Find the inflection points of the following functions.

$f(x)=x^2+1$
$f(x)=1$
$f(x)=\ln(x^2+1)-x$
$f(x)=x^3-2x^2$

We will solve the exercise by doing all the steps: to derive two times the function, equal the result to zero, then solve the equation and the resulting points will be the inflection points.

$f'(x)=2x \Rightarrow f''(x)=2$

$f''(x)=0 \Rightarrow 2=0 \Rightarrow$ There are no inflection points.

$f'(x)=0 \Rightarrow f''(x)=0$

$f''(x)=0 \Rightarrow 0=0$

This is a particular case.
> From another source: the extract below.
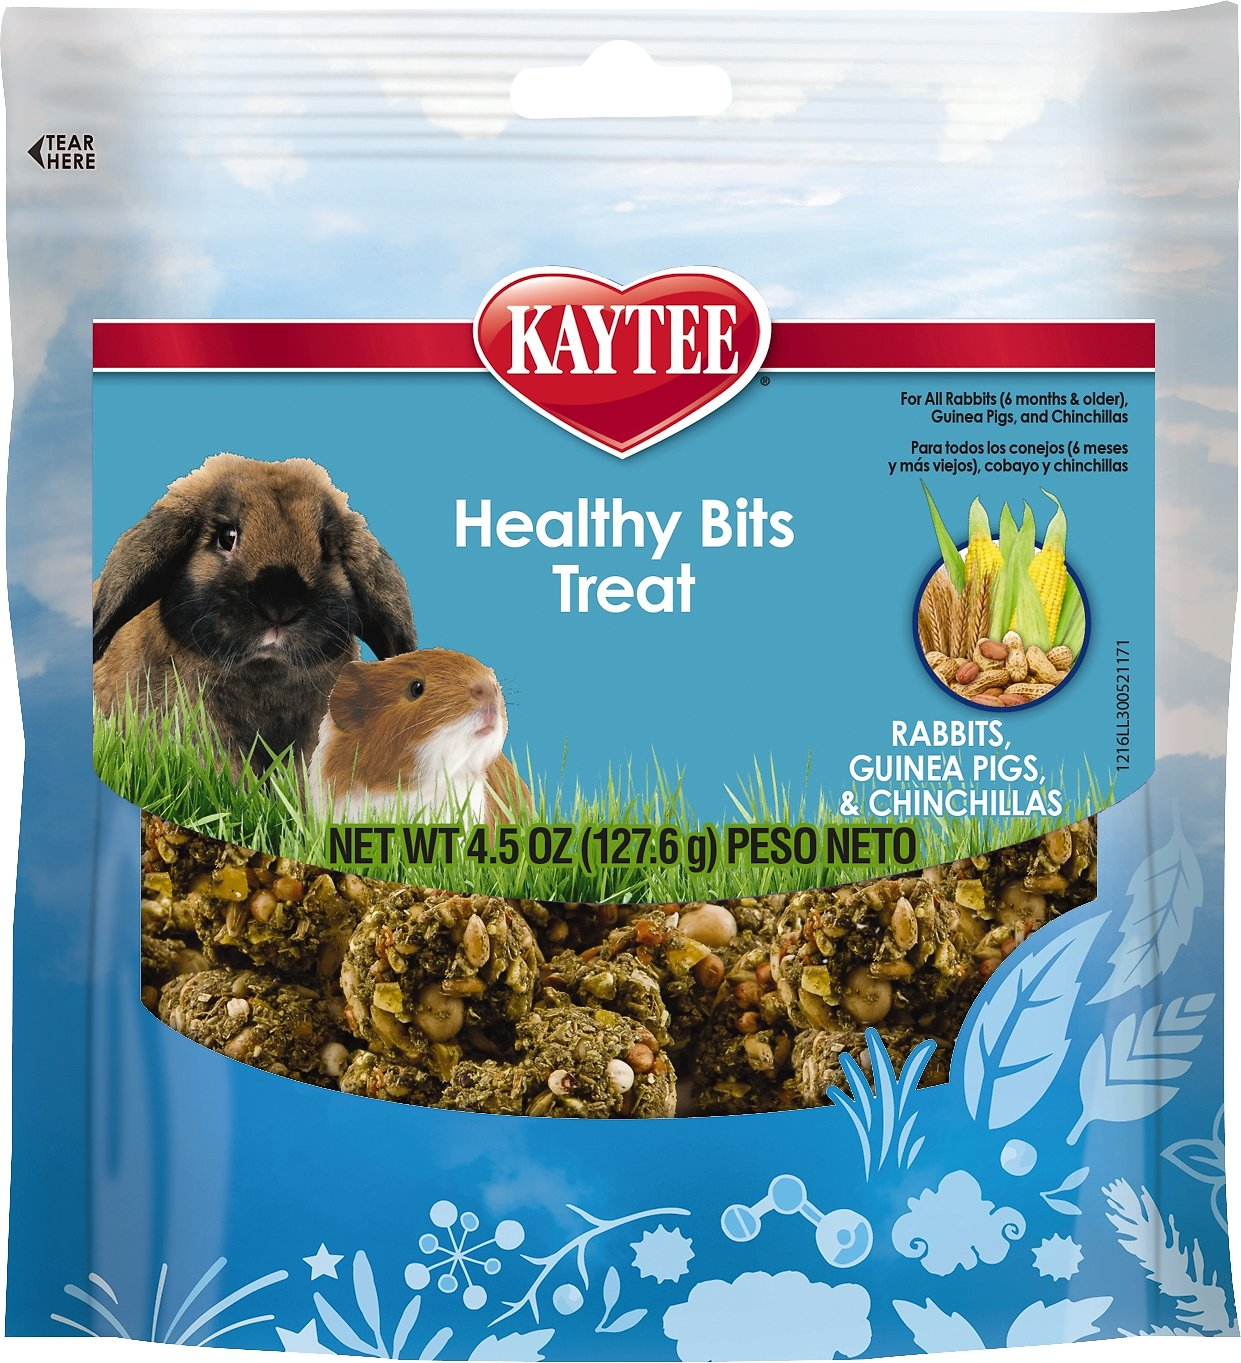 Kaytee Forti-Diet Pro Health Healthy Bits Rabbit, Guinea Pig & Chinchilla Treats, 4.5-oz bag

We come to a situation that is not false but we do not find any concrete $x$. This means that all $x$ are inflection points.

$f'(x)=\dfrac{2x}{x^2+1} \Rightarrow f''(x)=\dfrac{-2x^2+2}{(x^2+1)^2}$

$f''(x)=0 \Rightarrow \dfrac{-2x^2+2}{(x^2+1)^2}=0 \Rightarrow -2x^2+2=0 \Rightarrow x^2=1 \Rightarrow x=1, \ x=-1 $

We have inflection points in $x=1$ and $x=-1$.

$f'(x)=3x^2-4x \Rightarrow f''(x)=6x-4$

$f''(x)=0 \Rightarrow 6x-4=0 \Rightarrow x=\dfrac{4}{6}$

We have inflection points in $x=\dfrac{4}{6}$.

There are no inflection points.
All the points are inflection points.
We have inflection points in $x=1$ and $x=-1$.
We have inflection points in $x=\dfrac{4}{6}$.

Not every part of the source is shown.